Friday, August 25, 2017

Section 1202’s Qualified Small Business Stock: The Oft-Forgotten Exclusion

By: Paul J. Valentine, Attorney, Jennings, Strouss & Salmon, P.L.C.

Since the advent of the limited liability company, the C corporation has often been the ugly stepchild in choice of entity analysis. Yet, the Internal Revenue Code contains a little known provision that may make the C corporation more attractive. New ventures should consider § 1202’s Qualified Small Business Stock (“QSBS”) provisions before determining which tax regime best suits their needs. Otherwise, upon sale, founders and investors may miss out on significant tax savings.

Potential Tax Benefits of QSBS

As long as an eligible shareholder has held QSBS for five or more years, then all or a portion of the shareholder’s gain upon sale can be excluded from federal tax. The maximum exclusion is the greater of $10 million or ten times the shareholder’s “adjusted basis” (the “QSBS Exclusion”). Any portion that is not excluded is generally taxed at twenty-eight percent (28%).
The amount of the exclusion depends on when the shareholder acquired the QSBS, and is as follows:

Date Stocks ReceivedExclusion Rate
Before February 18, 2009Fifty Percent (50%)
February 18, 2009 to September 27, 2010Seventy-Five Percent (75%)[1]
September 28, 2010 to PresentOne Hundred Percent (100%)

Thus, QSBS acquired on or after September 28, 2010, enjoys the benefit of the one hundred percent exclusion rate up to the applicable cap.

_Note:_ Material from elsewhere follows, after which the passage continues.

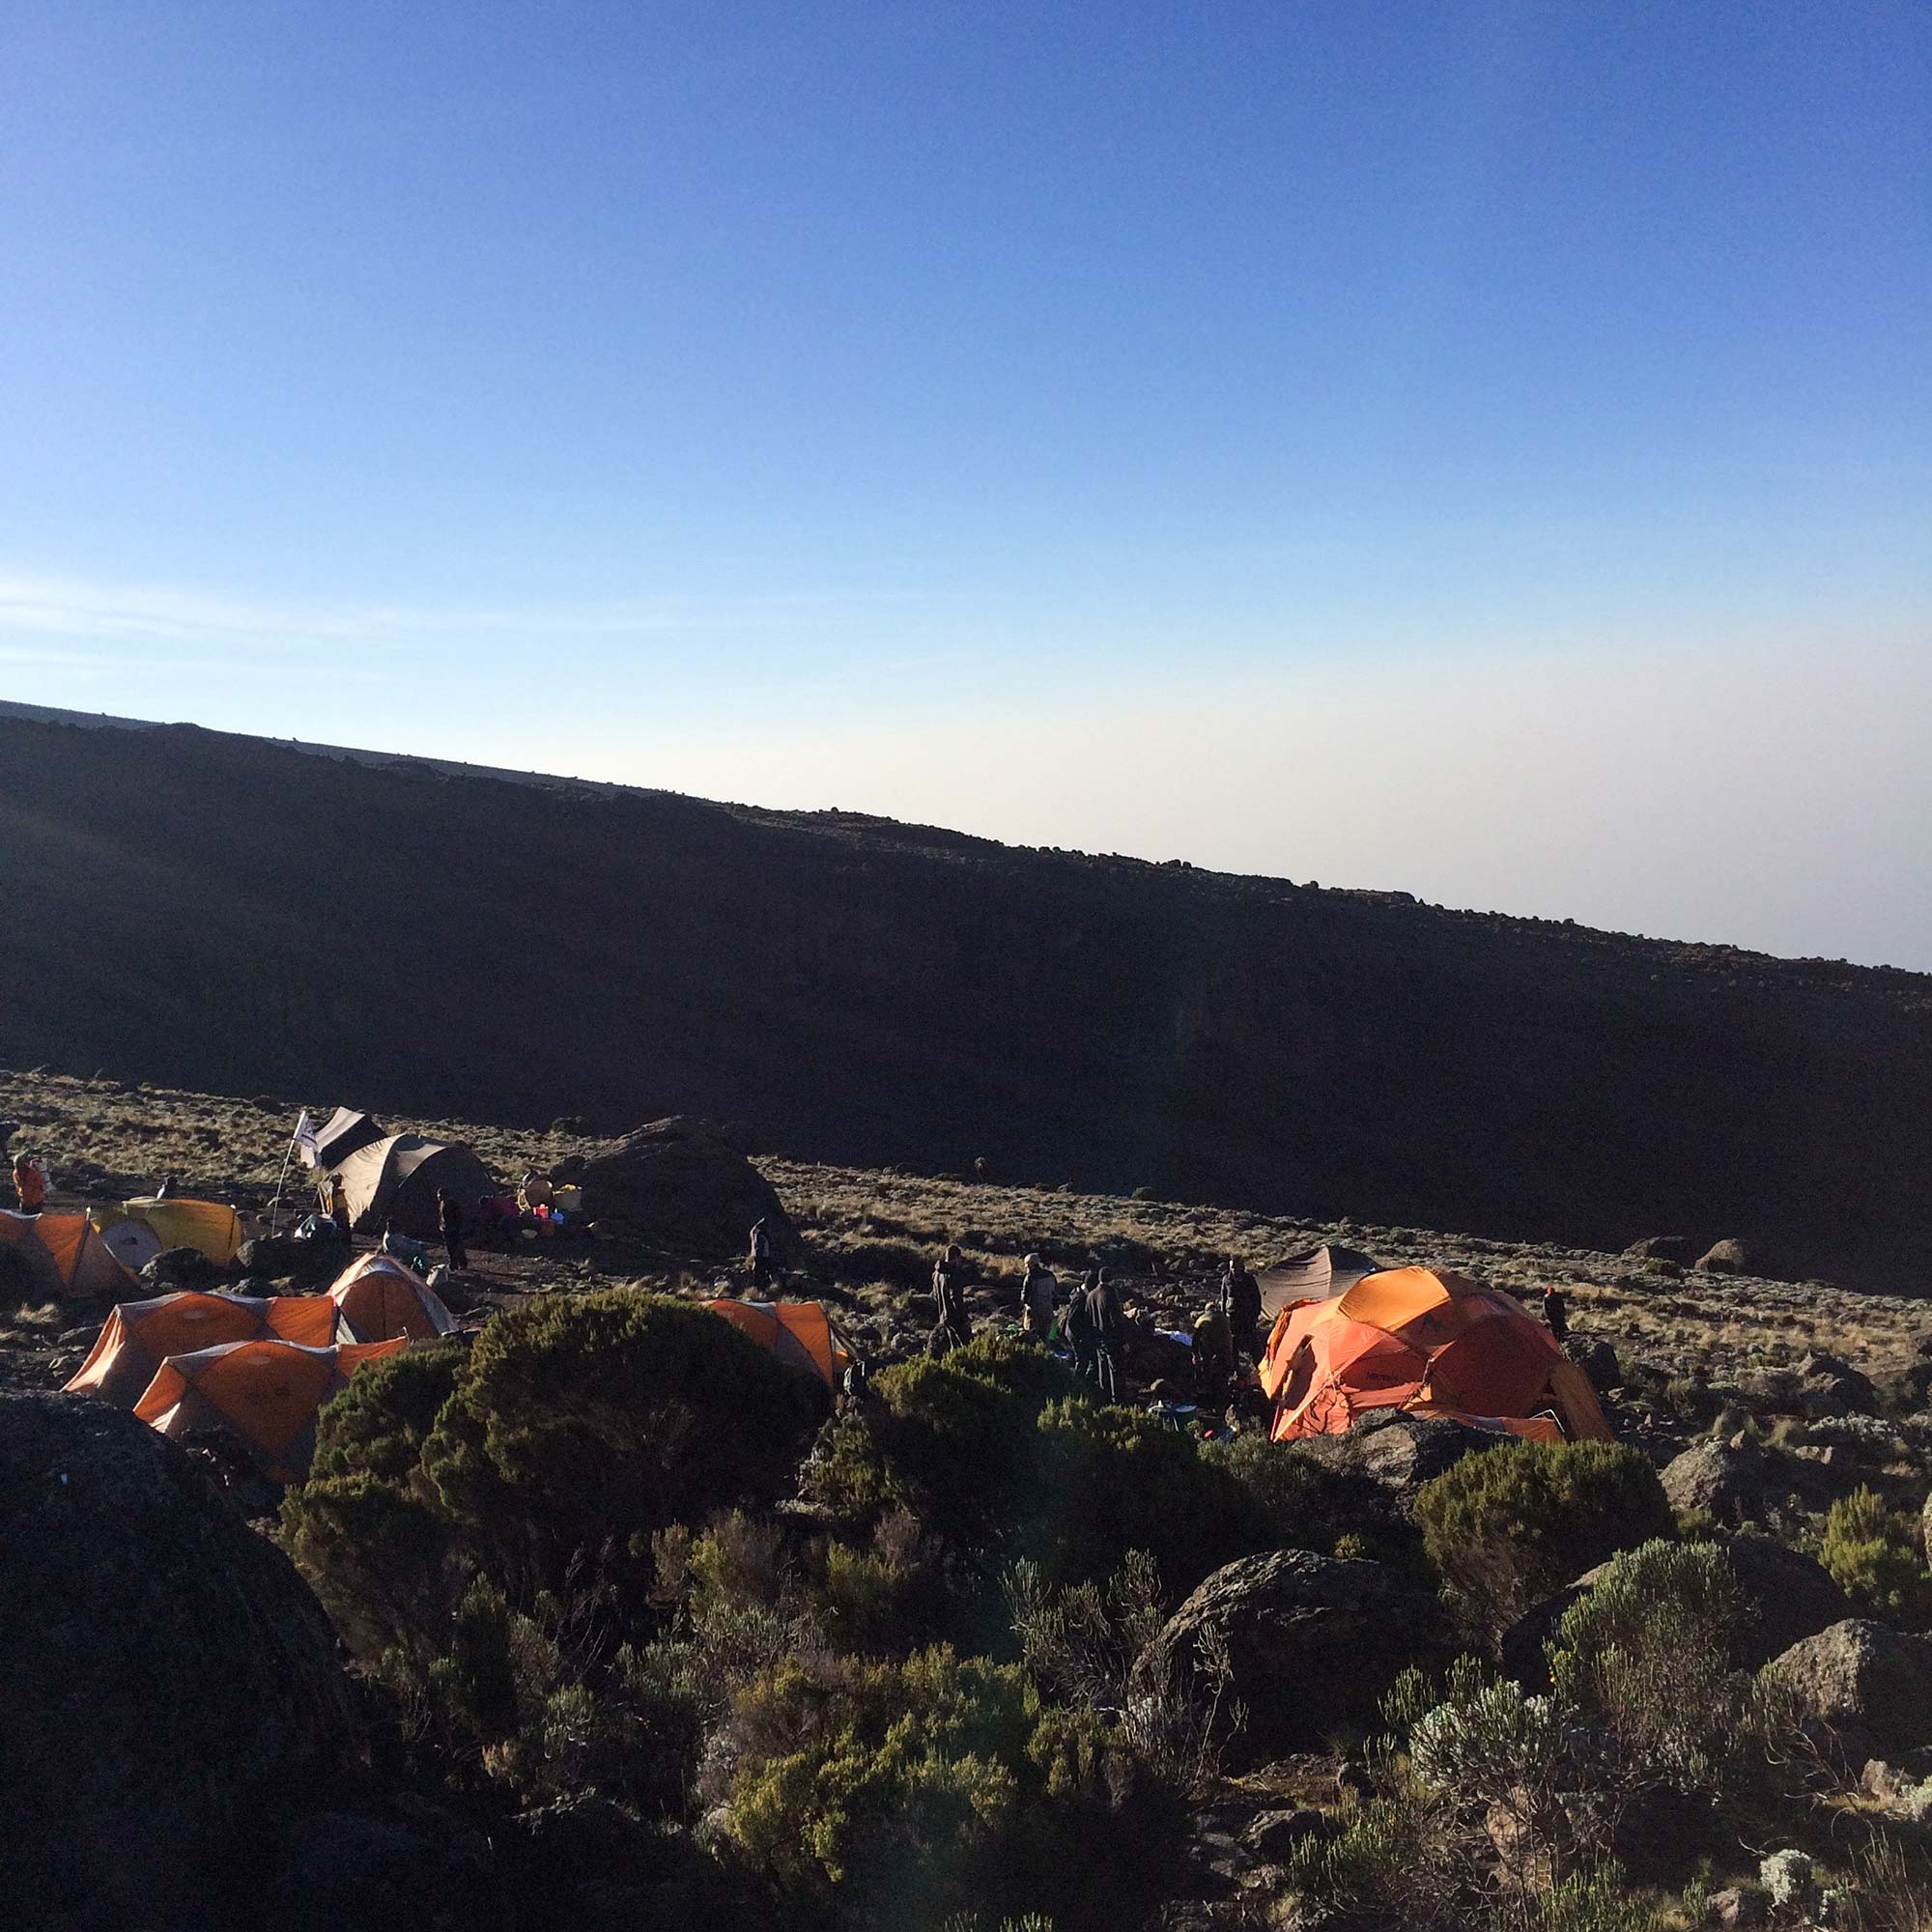 D6-19-living-on-an-incline-karanga-camp-kilimanjaro.jpg

Additionally, this exclusion is per shareholder, not per company. That means that each of the eligible shareholders may benefit from the QSBS Exclusion.
It is important for shareholders that hope to benefit from this generous tax provision to document the acquisition and operation of a Qualified Small Business (QSB) to properly substantiate the exclusion. State and federal taxing authorities can place roadblocks to claims for the QSBS benefit; therefore, it is worth discussing with qualified tax counsel during the set-up and operation of a QSB to ensure that the business qualifies, and continues to qualify, for this tax benefit.

Requirements for QSBS

Generally, the stock of a C corporation is treated as QSBS if it satisfies all of the following conditions:


1.    The Stock Must be Originally Issued after August 10, 1993
The first requirement is self-explanatory. The enactment of § 1202 by the Revenue Act of 1993 means that to qualify for the exclusion the QSBS must be issued after August 10, 1993.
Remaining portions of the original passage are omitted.